Calculate Ecological Statistics
Population Level Analyses
Export for R Analyses
Files needed to export from andromeda to desktop for R analysis:
- kbay.opti_mcc.braycurtis.0.03.lt.dist
- kbay.opti_mcc.braycurtis.0.03.lt.ave.dist
- kbay.taxonomy
- kbay.opti_mcc.0.03.subsample.shared
- kbay.opti_mcc.shared
Run outside of andromeda.
$ scp emma_strand@bluewaves.uri.edu:/data/putnamlab/estrand/BleachingPairs_16S/Mothur/kbay.opti_mcc.shared /Users/emmastrand/MyProjects/HI_Bleaching_Timeseries/data/16S/mothur_output/
$ scp emma_strand@bluewaves.uri.edu:/data/putnamlab/estrand/BleachingPairs_16S/Mothur/kbay.taxonomy /Users/emmastrand/MyProjects/HI_Bleaching_Timeseries/data/16S/mothur_output/
Troubleshooting
I got this error while running the contigs.sh file. I copied all raw files into the mothur folder I created and this fixed that issue.
mothur > make.file(inputdir=data/putnamlab/estrand/BleachingPairs_16S/raw_data, type=gz, prefix=kbay)
[ERROR]: cannot access data/putnamlab/estrand/BleachingPairs_16S/raw_data/
[ERROR]: cannot access data/putnamlab/estrand/BleachingPairs_16S/raw_data/
[ERROR]: did not complete make.file.
Post filter step (filter.sh), A. Huffmyer got alignment window that spans ~500 bp in length but mine is 424 bp.. With sequences that are closer to 290 nt instead of 254 nt.
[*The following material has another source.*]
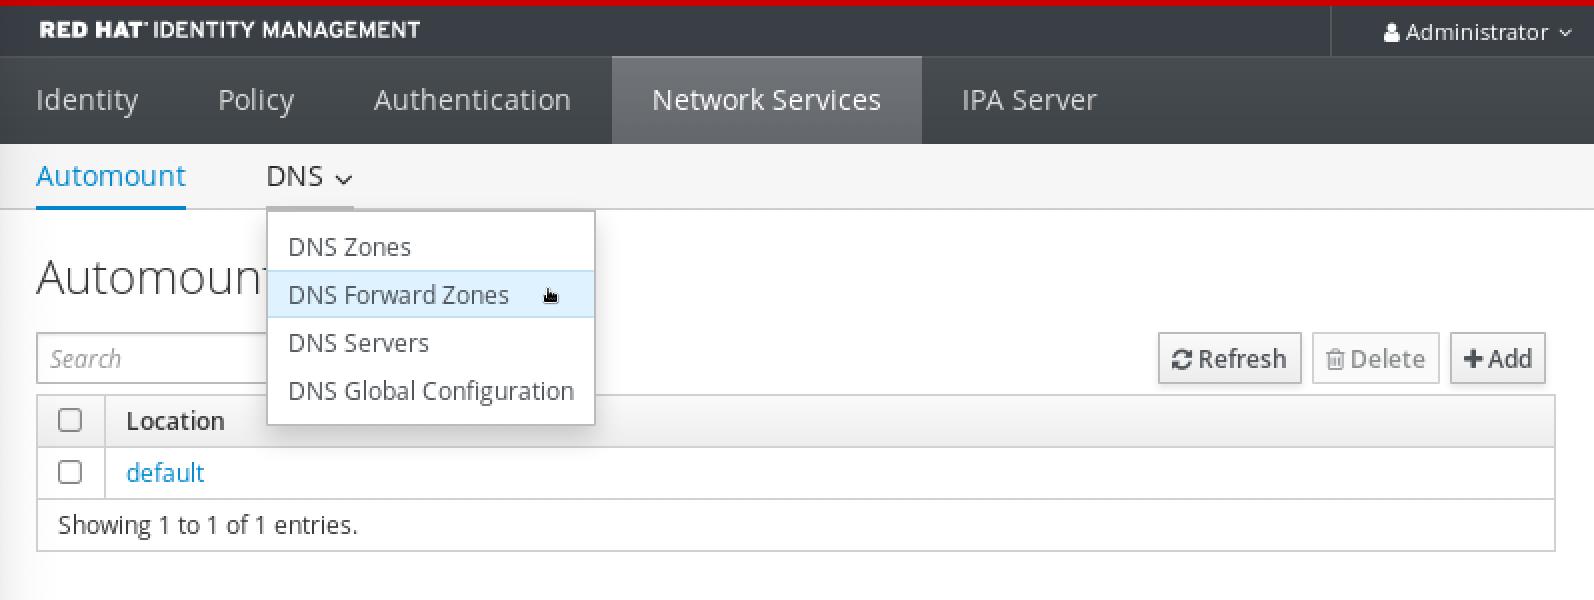 Selecting DNS Forward Zones from the DNS menu

Come back to this.
When I ran the precluster.sh script, I got the following error. The last step in the script could not find an input file. Come back to this.
mothur > count.groups(count=current)
[WARNING]: no file was saved for count parameter.
You have no current groupfile, countfile or sharedfile and one is required.
[ERROR]: did not complete count.groups.
The total # of seqs does not stay the same between steps.. Double check this OK?